Last month saw the rise of the ‘Defund the BBC’ — a homage to the far-left Black Lives Matter call to ‘defund’ the police — Twitter campaign after the BBC described a weekend of violence by BLM activists that left 27 London police injured as “largely peaceful”.
The Editorial Policy and Standards director is perhaps the most senior BBC figure in post to admit to the broadcaster’s bias.
However, claims of political bias are nothing new. In 2010, former BBC Director-General Mark Thompson said that 30 years prior when he joined the organisation, it had a “massive bias to the left”.
“The organisation did struggle then with impartiality. And journalistically, staff were quite mystified by the early years of Thatcher,” Mr Thompson had said.
Recently retired journalist John Humphrys, a veteran of BBC Radio 4’s Today programme, had said the BBC had failed since the 1990s to adequately cover people’s increasing concerns about rising immigration.
Mr Humphrys said that during the 2016 referendum on European Union membership, BBC bosses “could simply not grasp how anyone could have put a cross in the Leave box on the referendum ballot paper”.

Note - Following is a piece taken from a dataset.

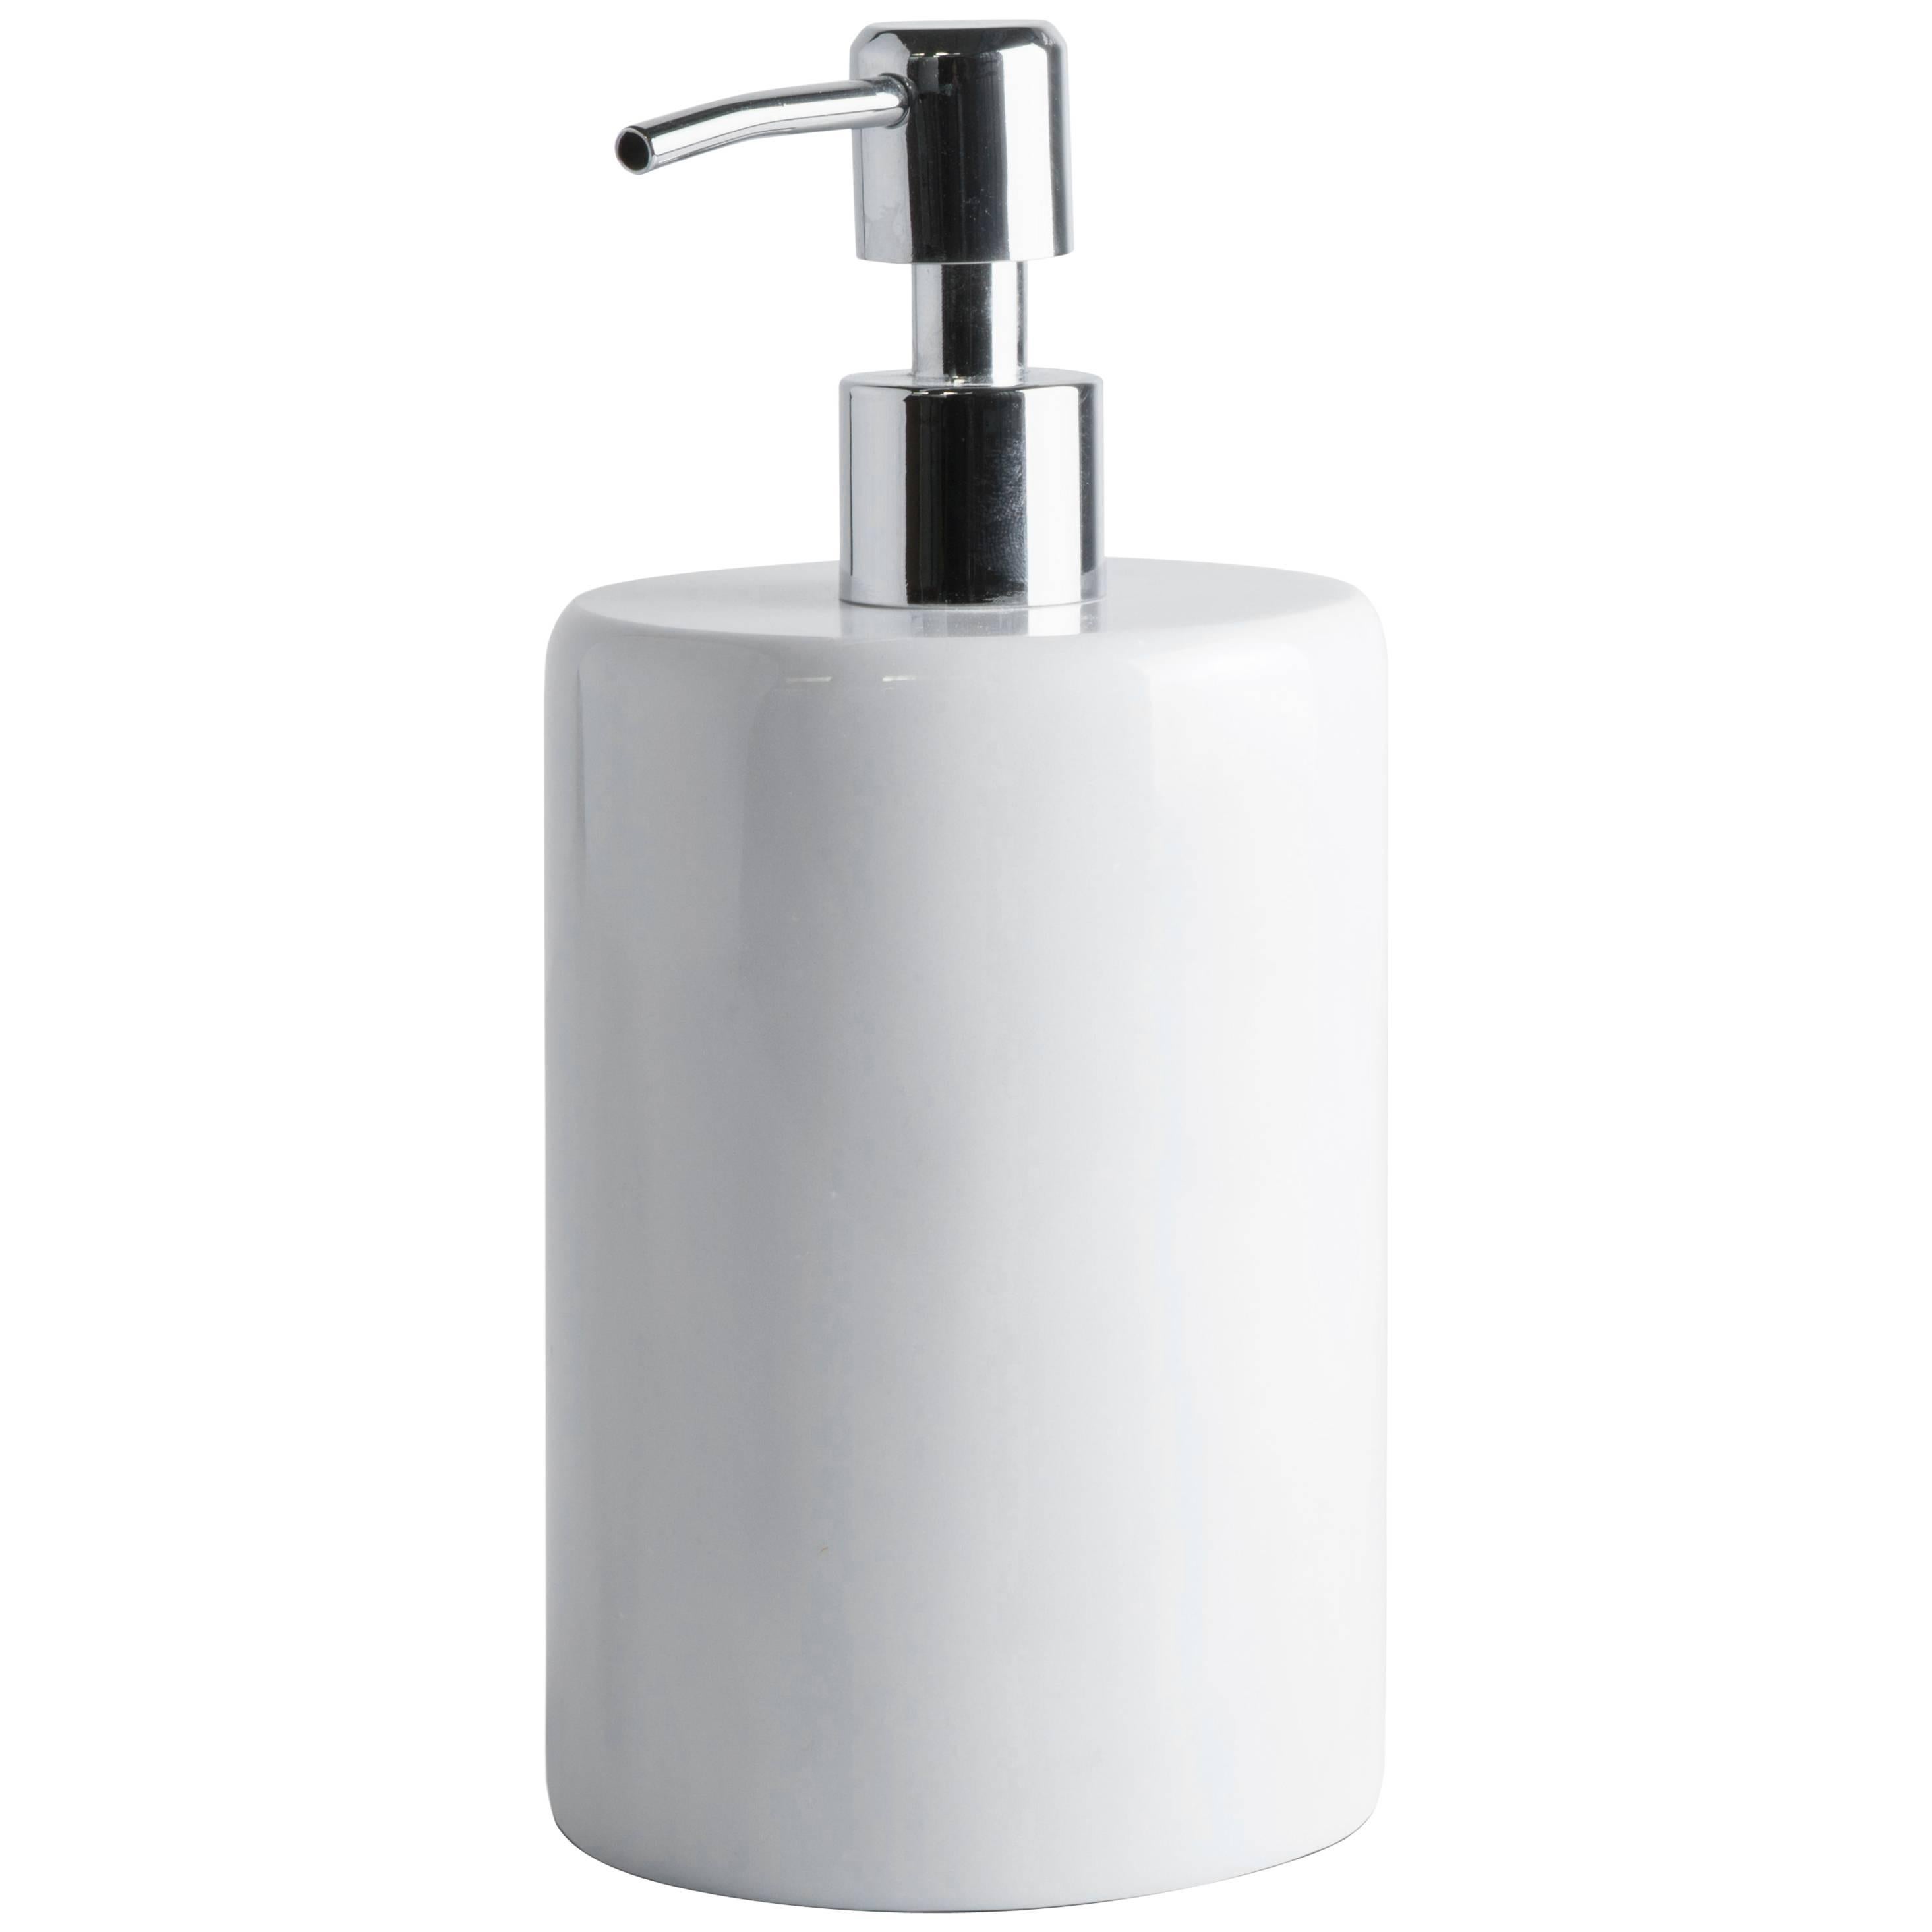 Handmade Rounded Soap Dispenser in White Carrara Marble

“Leave had won — and this was not what the BBC had expected. Nor what it wanted,” he said in 2019.
Breitbart London has reported on studies that found by analysis the BBC elevated anti-Leave bias in their news coverage.
News Watch said in 2017 that the Today programme, BBC radio’s flagship news broadcast, was “strongly biased against Brexit” in the week when the UK triggered Article 50, the mechanism for formally leaving the EU. In one example of bias, analysis by the news monitoring group found that only eight out of 124 guests on the subject of Article 50 were allowed to articulate the benefits of leaving the bloc.
Think tank Civitas concluded in 2018 that the Today programme had suppressed Eurosceptic voices between 2005 and 2015, with only 3.2 per cent of guests being pro-independence. The broadcaster had also kept listeners “in the dark” on the left-wing and Labour arguments for Leave, angling the question of Brexit as a purely conservative position.
“When opinion in favour of leaving the EU has featured, the editorial approach has – at the expense of exploring withdrawal itself – tended heavily towards discrediting and denigrating opposition to the EU as xenophobic,” the authors had written.